At the Paris Conservatoire, Ravel was considered “self-possessed, a little aloof, intellectually biased and given to mild banter” but also described as “very gifted”. However, he failed to win sufficient prizes to launch a career as a concert pianist and returned to the Conservatoire to study composition under Fauré, to whom he became devoted. As the son of an inventor and engineer, Ravel was intensely fascinated by the different characters and capabilities of musical instruments and became admired as an orchestrator and transcriber (his orchestration of Mussorgsky’s Pictures at an Exhibition is the best-known).

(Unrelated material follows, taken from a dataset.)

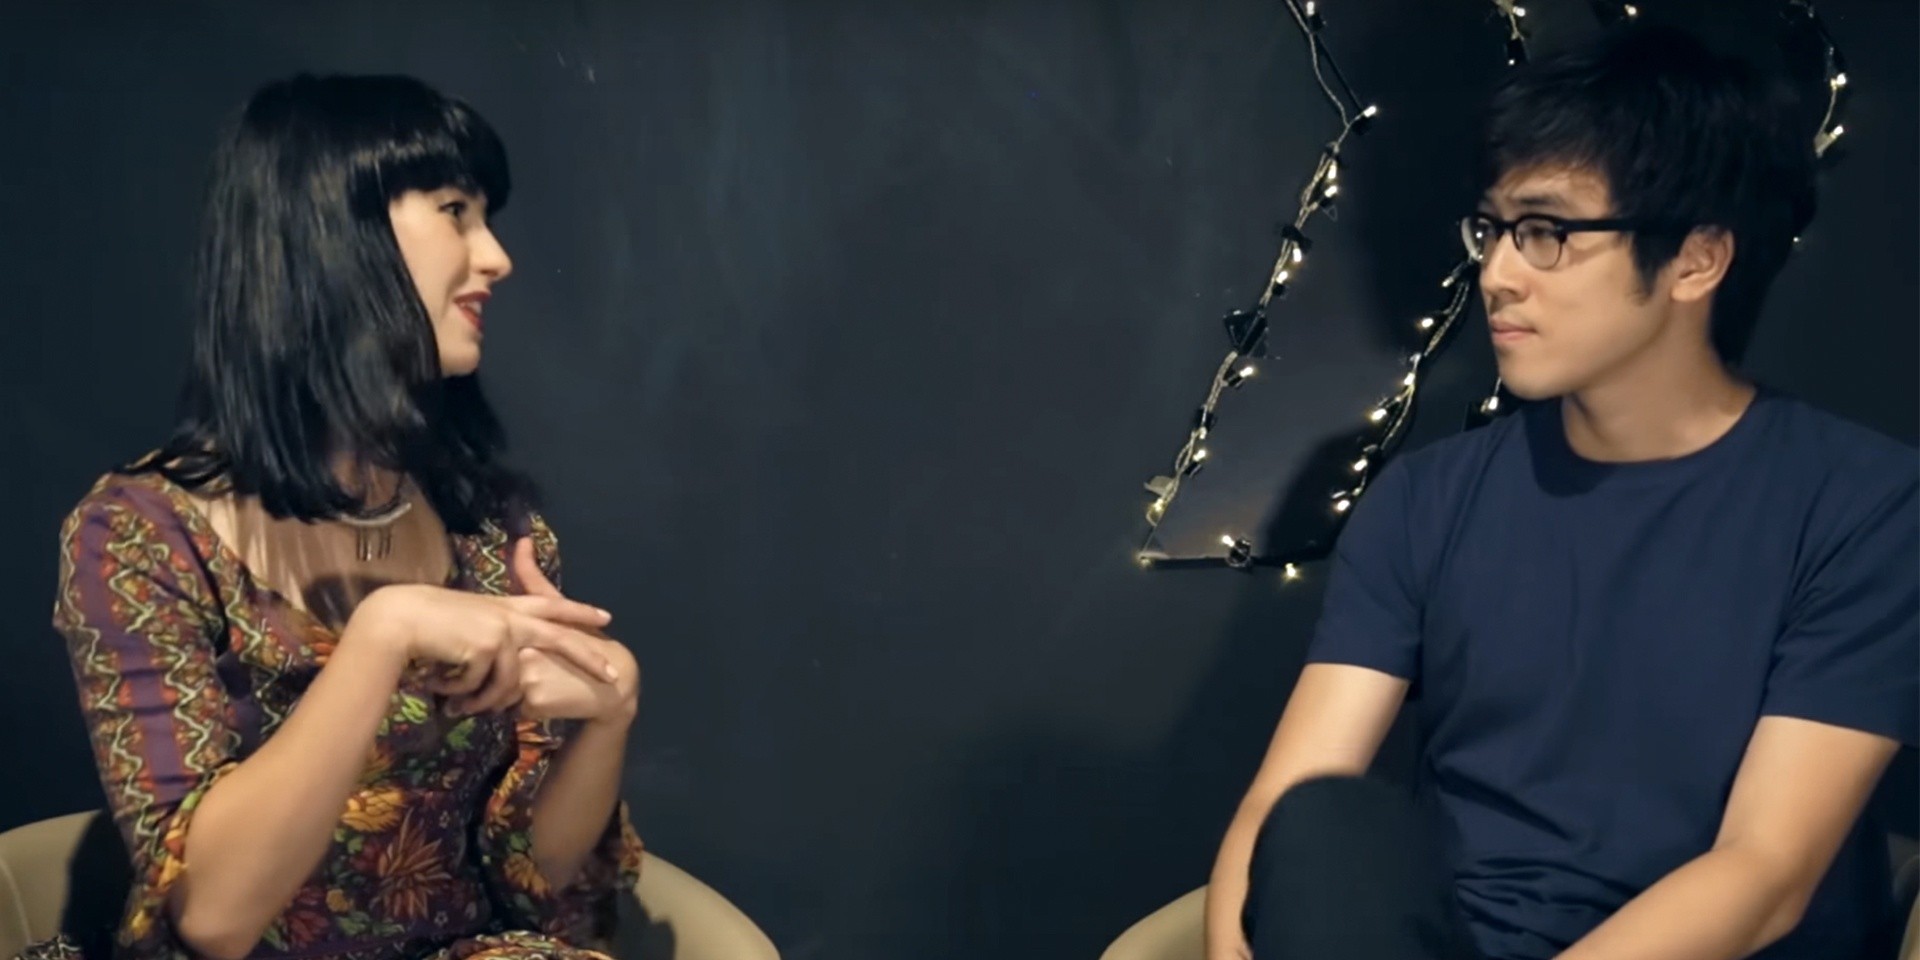 WATCH: Kimbra and Charlie Lim in conversation about musicianship, spirituality and Ethiopia

However, like his teacher Fauré and contemporaries such as Debussy, Ravel had to bear the disapproval and nepotism of the highly conservative French musical establishment with regard to his own compositions. 

In 1909, Diaghilev brought his newly formed Ballets Russes to Paris where he began to commission original works: The Firebird and Petrushka from Igor Stravinsky in 1910-11, Daphnis and Chloe from Ravel in 1912 and, most sensationally of all, The Rite of Spring from Stravinsky in 1913.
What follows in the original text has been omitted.